The study designer side of a form and how it appears in study conduct

Spoiler:
I am the design team’s go to person for questions concerning building and deploying clinical trials. And that’s not because I’ve been on the product the longest; it’s because I demonstrated within the first four months that I could build my understanding so that I understood the space as well as my cross functional partners. Demonstrating that I wanted and was able to understand all the details and decisions, built the team’s confidence in the design work presented later on. My expertise enabled me to educate seven team members about the space and document my learnings as a reference for the team. 


In the beginning...
When I first started working on IBM Clinical Development, I had just begun to understand the definition of life scienes. To say that I started from nothing would not be an exaggeration. I knew that I needed to change my knowledge deficit fast, especially since I had to start on designs and research immediately. On top of that, I knew that the method, depth, and velocity of building domain knowledge would play a crucial role in developing trust with my new cross functional partners. Otherwise how could I expect them to trust any design decision, regardless of how well I explained it, if they didn’t have the confidence that I understood the space they worked in for their entire careers?


The How:
I started by organizing weekly knowledge share sessions with the design and cross functional team. Since the legacy product was extremely feature and setting dense, each session we could cover only a very small portion of the product. I would ask questions on every little detail: what was the original need, why was it implemented in that way, did it really require this much customization, what do our users think, did it successfully solve for the need, and so on.

Doing this enabled me to begin to see the intricacies of study building process, how a study is structured, and the workflow processes in the perphery that enable a study to run smoothly.

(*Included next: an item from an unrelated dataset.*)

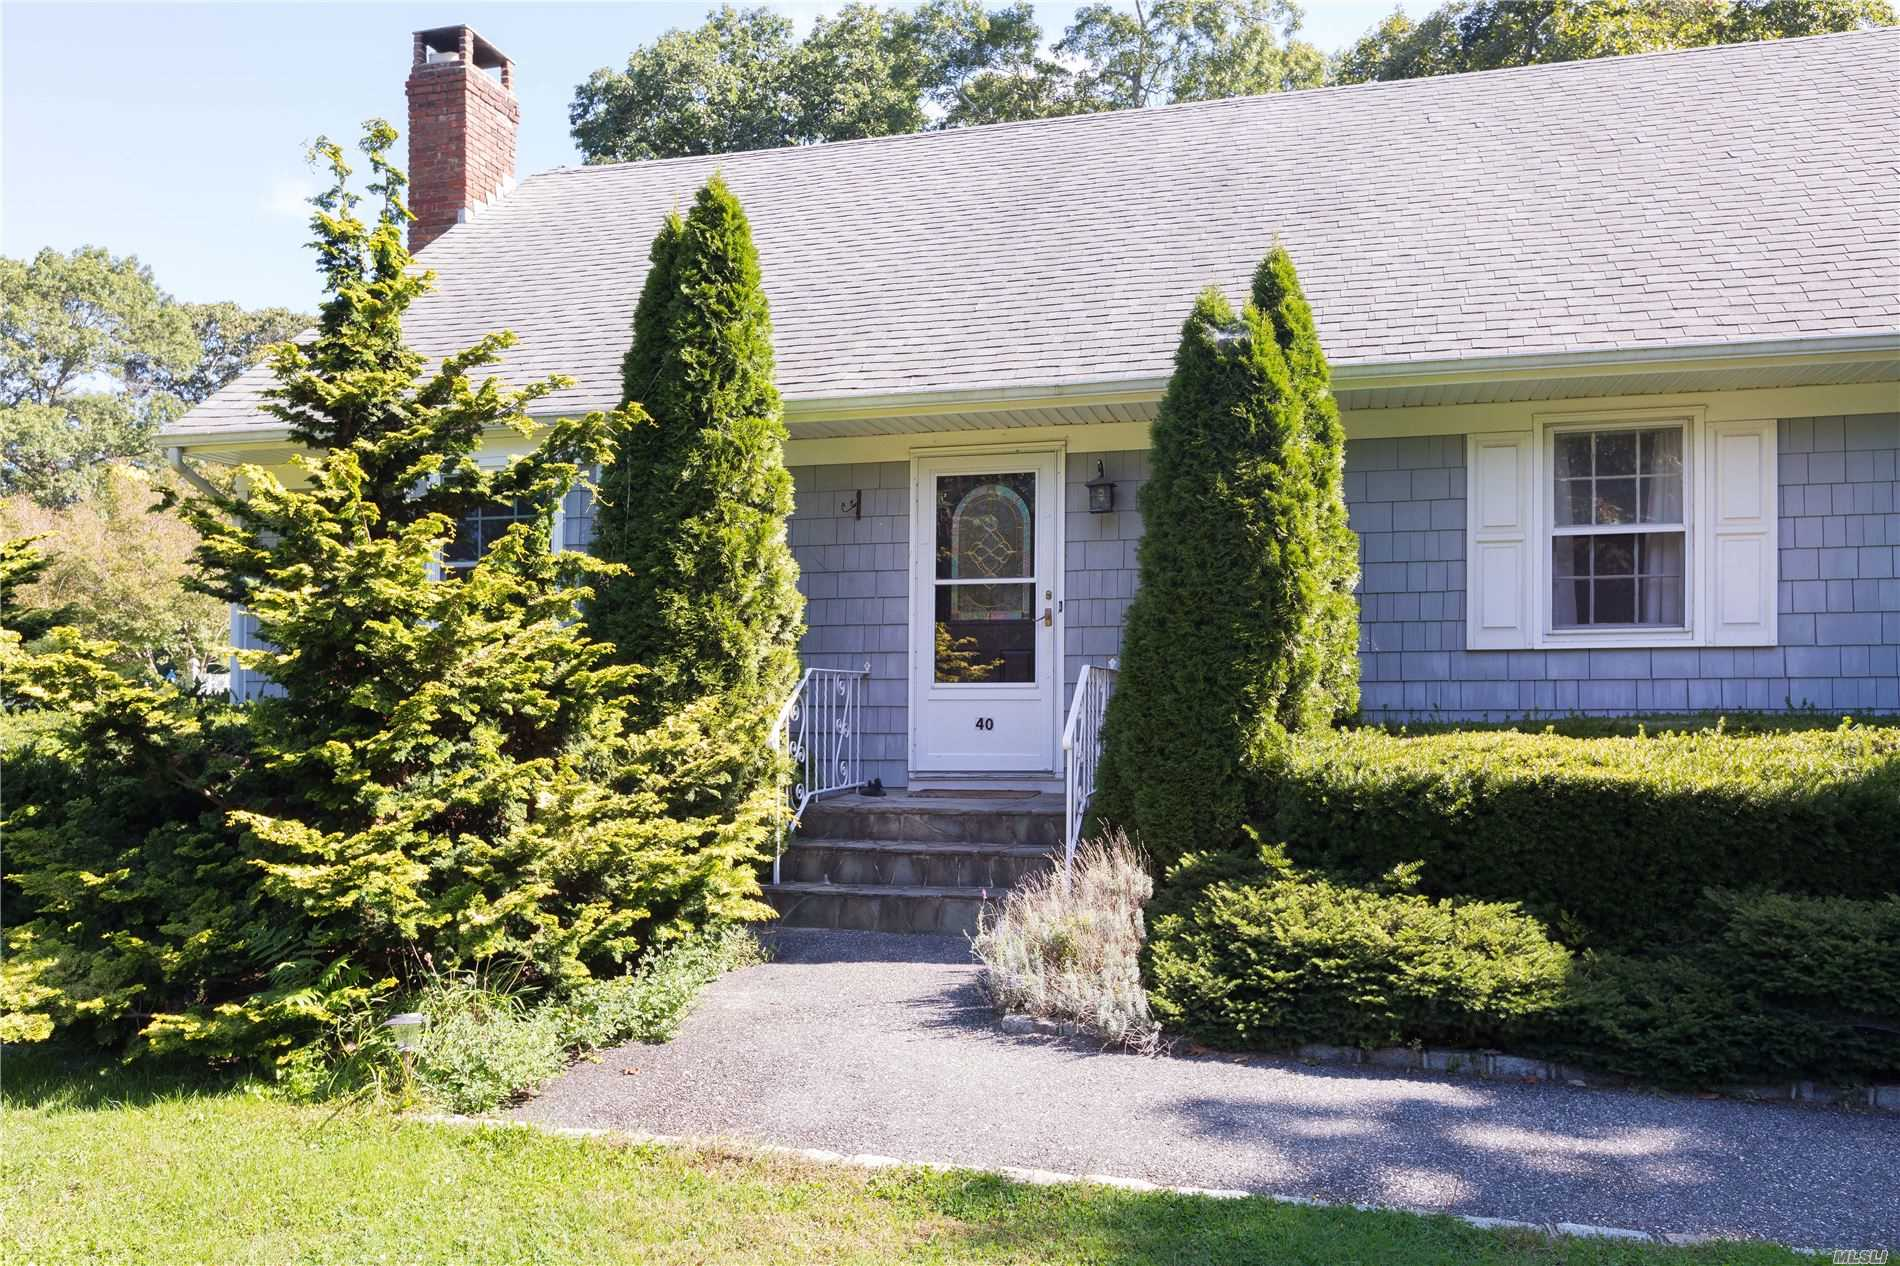 40 Colonial Dr Aquebogue, NY 11931

I also spent a significant amount of time building and deploying my own studies. Not only to experience what users did, but to also better understand the system. ICD is a highly customizable tool where everything you see on the study conduct side of the tool is a result of a setting in the study designer side. Beyond the forms for data collection; the navigvation, page titles, and even the iconography were all customizable and differed between studies. In order to truly understand the consquences of an action, I had to track it across both the study design and study conduct sides of the tool. 

What’s the big deal?
The result was that these efforts formed the foundation of design team’s understanding of ICD. It enabled me to explore the product with intention and identify key areas to discuss with users. I was able to thoroughly and quickly build domain knowledge so that I could teach two consulting team members about the space and eventually onboard five more. And further down the road when we presented new designs, the cross functional team knew that our work had a sound foundation and better trusted it.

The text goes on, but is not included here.